Trond Undheim 2014年11月26日

麻省理工斯隆管理学院高级讲师特隆德•阿恩•温海姆认为,这种虚拟货币可能分散银行业务。

    比特币(Bitcoin)预示了一个新时代的到来,这个新时代比如今的互联网更有颠覆性。颠覆可以是件好事,特别是当颠覆对象是银行的时候。作为一种处于衰退状态的商业模式,虽然银行业进行了各种各样的微调,但几百年来基本上毫无变化。荒谬的是,有些银行害怕比特币的原因在于,后者将迫使它们进行创新。

    比特币是新兴技术网络的最著名代表,而这个网络有可能让银行业得到改善。比特币属于加密货币这个新型金融物种,是一种基于互联网、分散、安全的资金存储和转移方式。比特币,甚至是更有前途的瑞波币(Ripple)网络的作用不是在银行的基本商业模式,也就是贷款、存款、交易和货币兑换方面打开缺口,而是播撒催生全新市场的种子,通常人们把这些市场称为价值互联网(Internet of Value)。它是一种途径,可以让普通人和专业人士一样将一切事物货币化,且不受地域、传统市场准入以及司法权限的限制。

    加密货币面世已超过5年,用互联网标准衡量,这已算是极长的历史了。优雅的数学让加密货币几乎可以瞬间完成价值转移,而且基本上不会给参与双方带来成本,也无需寻找二者都信任的第三方。这实际上已经是一种颠覆,只是颠覆的对象是中介机构。

    人们谈论共享经济已经有几个年头了。租房网站AirBnb和租车服务商Uber等公司启用了那些曾经无人问津的闲置资产,比如一间空着的卧室或者人们的第二辆私家车,并让它们产生经济效益。借助闲置资产的盘活,人们在租房和出行服务这些毫无效率可言的市场中获得了更多的便利。

    价值互联网还有可能在此基础上更进一步。想象一下这样的世界,人们可以完全成为自己的做市商,可以为自己的任何财产创造一个市场。这些财产可以是人们所拥有的、想到的和做出的任何事,或者是可以影响他人去做的事。

    然而,美国财政部反洗钱机构金融犯罪执法局(FinCEN)上个月颁布的虚拟货币交易和支付处理新指导意见规定,按照美国法律,上述公司可能被视为从事资金服务业务,因而可能受到新法规的约束,这让许多初创型金融科技公司大失所望。这样的规定本意虽好,但颇有自相矛盾的意味;更重要的是,此举方向有误。除了削弱美国的创新优势,过早地施加此类限制几乎不会带来什么长期影响。

    2001年,我在加州大学伯克利分校(UC Berkeley)时的同事尼尔•弗雷格斯坦出版了一本书,名叫《市场的结构》(The Architecture of Market)。他在书中一针见血地指出,不要以为市场本身会自动或者神奇地出现,也不要以为市场的出现源于个人行为或者源于结构因素和现有机制的共同作用。确切地说,市场是一种精致而复杂的产物,由一些群体出于共同的目的而创造,而且必须由那些靠市场生存的参与者予以维持。

    就比特币而言,它带来的不仅仅是一个新市场,而是“市场中的市场”;它是承载各种新市场的平台。比特币蕴含的是一个转型承诺,尽管听上去很奇怪,但这个承诺比互联网还要伟大。否认这种潜力就相当于否认全球化这个现实。

    这就是为什么银行业最好还是接受加密技术以及相关商业模式等一系列尝试的原因,而且最好是全行业的接受,不是各自为营。这样做的目的是降低风险,并孕育和塑造出一整套合适的平台创新。无论如何,这些创新都将在今后十年内出现。

    Bitcoin heralds a new age more disruptive than that of today’s Internet. Disruption can be a good thing, especially when it affects banking, a failing set of business models which, for all the tweaks, have been virtually unchanged for millennia.

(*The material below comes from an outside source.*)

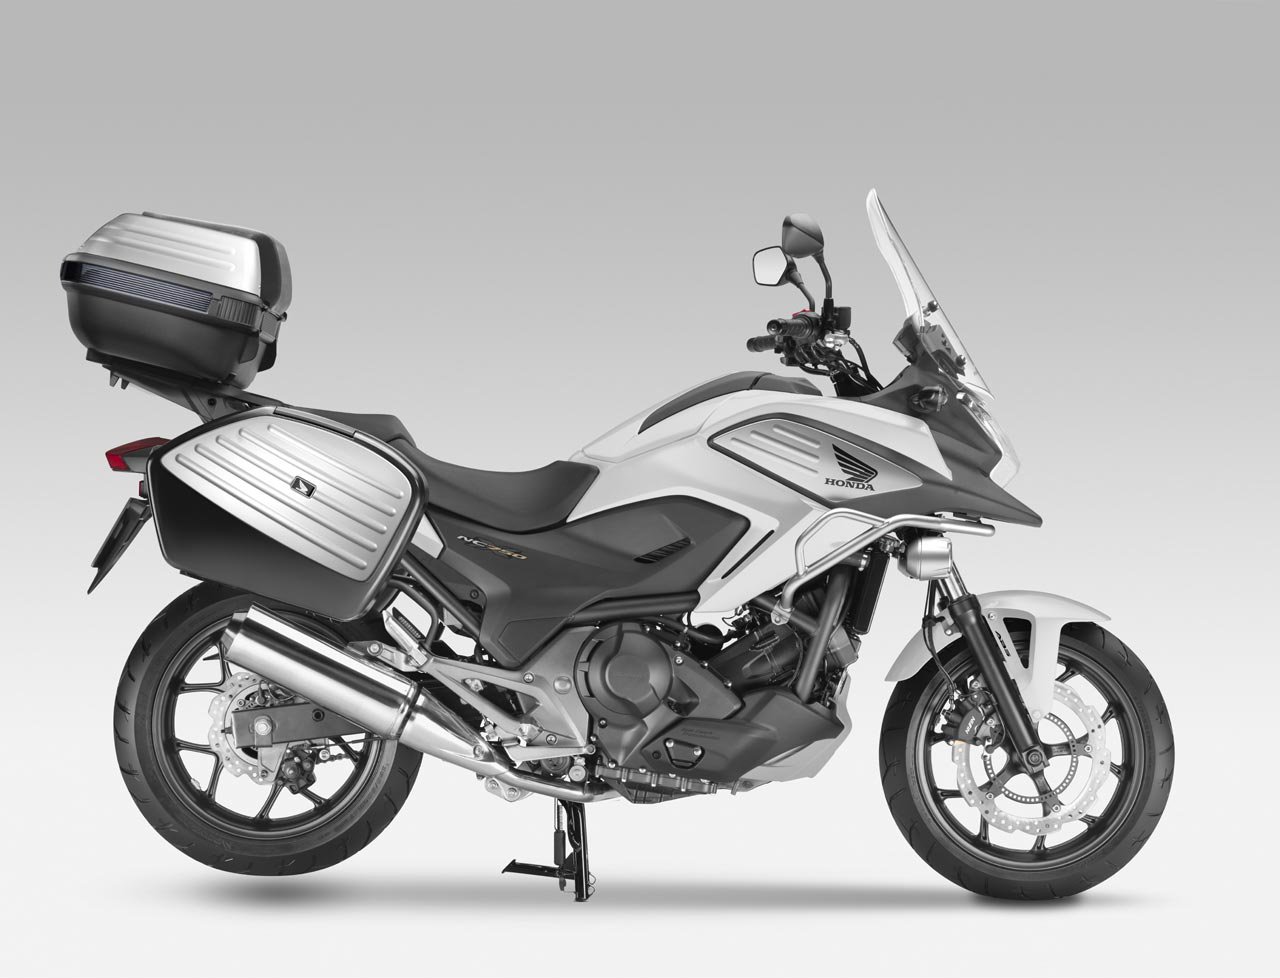 Listino Honda NC750X ABS Granturismo on-off - image 13506_1 on https://moto.motori.net

Paradoxically, some banks are afraid of Bitcoin because it would force them to innovate.

    Bitcoin is but the most famous example of an emerging technology network with the potential to improve banking. It belongs to the new type of financial animal called crypto currencies, i.e. decentralized, secure money storage and money transfer enabled by the Internet. What Bitcoin, and the even more promising Ripple network do, is not to poke a hole in banking’s basic business models—lending, deposits, trading, and money exchange—but to create the embryos for entirely new markets typically referred to as the Internet of Value. That is, a way for regular folks, as well as specialists, to potentially monetize everything, regardless of location, traditional market access and jurisdiction.

    Cryptocurrencies have been with us for over five years, an eternity by Internet time. Using the elegance of mathematics they enable almost instant transfer of value at almost no cost between two parties without the need for a trusted third party. The disruption lies exactly there: in disrupting the intermediaries.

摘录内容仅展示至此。